QUALIFYING UNDER INTERNAL REVENUE CODE SECTION 6166: POST-DEATH ESTATE TAX DEFERRAL THROUGH CAREFUL INTER VIVOS PLANNING
By Alyse Pelavin, Esq.*
Internal Revenue Code section 6166 provides an important estate tax deferral benefit if an interest in a closely held business exceeds 35 percent of a decedent’s adjusted gross estate.1 If an estate qualifies for Section 6166 deferral, the portion of the decedent’s estate taxes attributable to that qualifying business interest may be deferred for five years, during which time the estate pays only interest on the deferred tax. After the five-year deferral period, the deferred estate taxes are payable in equal annual installments over a ten (or fewer) year period2 at relatively low interest rates.3 For example, in the first quarter of 2008, the estate tax attributable to the first $1,280,000 of the decedent’s estate is subject to a 2 percent interest rate, and the interest rate applicable to the remaining portion is 3.15 percent (45 percent of the underpayment rate of 7 percent).4 This combined benefit of deferring estate taxes and "borrowing" at low interest rates permits qualifying estates to continue to operate profitable businesses without the need to seek third party financing, request discretionary extensions to pay estate taxes from the IRS, or undertake a forced sale of the closely held business.

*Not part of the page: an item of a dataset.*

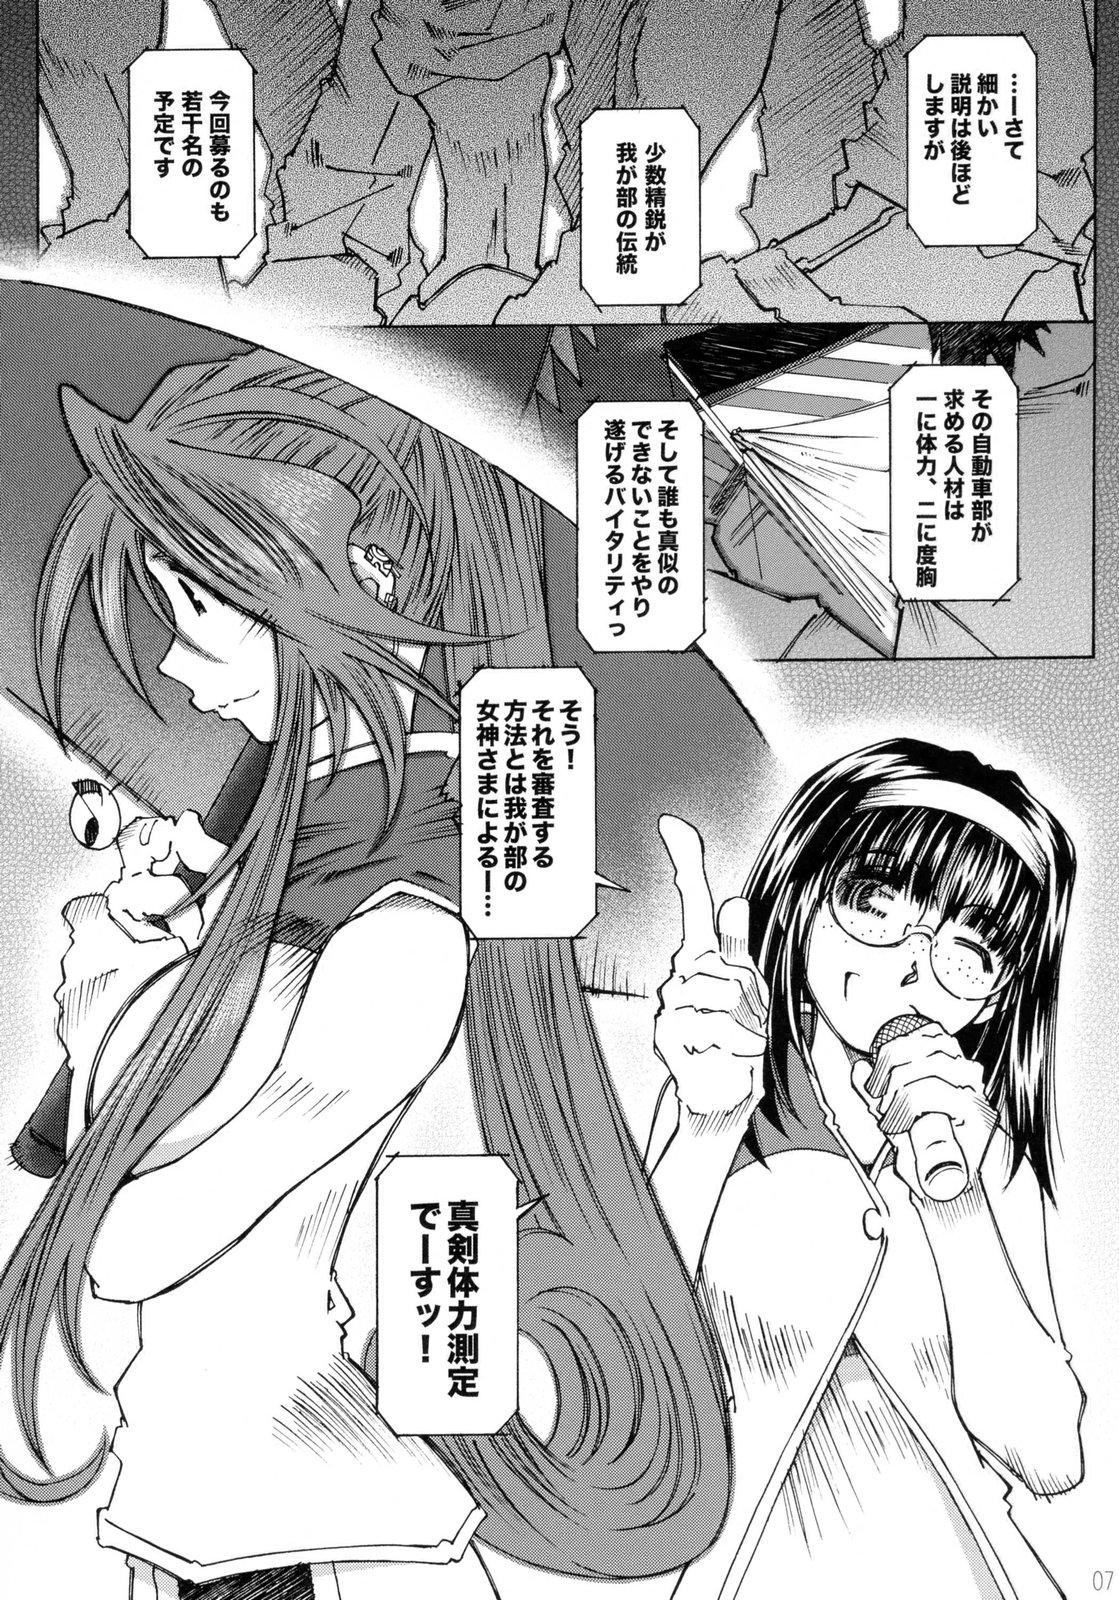 Analplay SILENT BELL outbreak - Ah my goddess Thuylinh - Page 7

Notwithstanding these important benefits, many practitioners do not adequately consider the qualification requirements of Section 6166 during a client’s lifetime, instead focusing on these provisions only after the client’s death. Unfortunately, when administering an estate, an executor may discover roadblocks to Section 6166 qualification that could have been avoided with prospective inter vivos planning.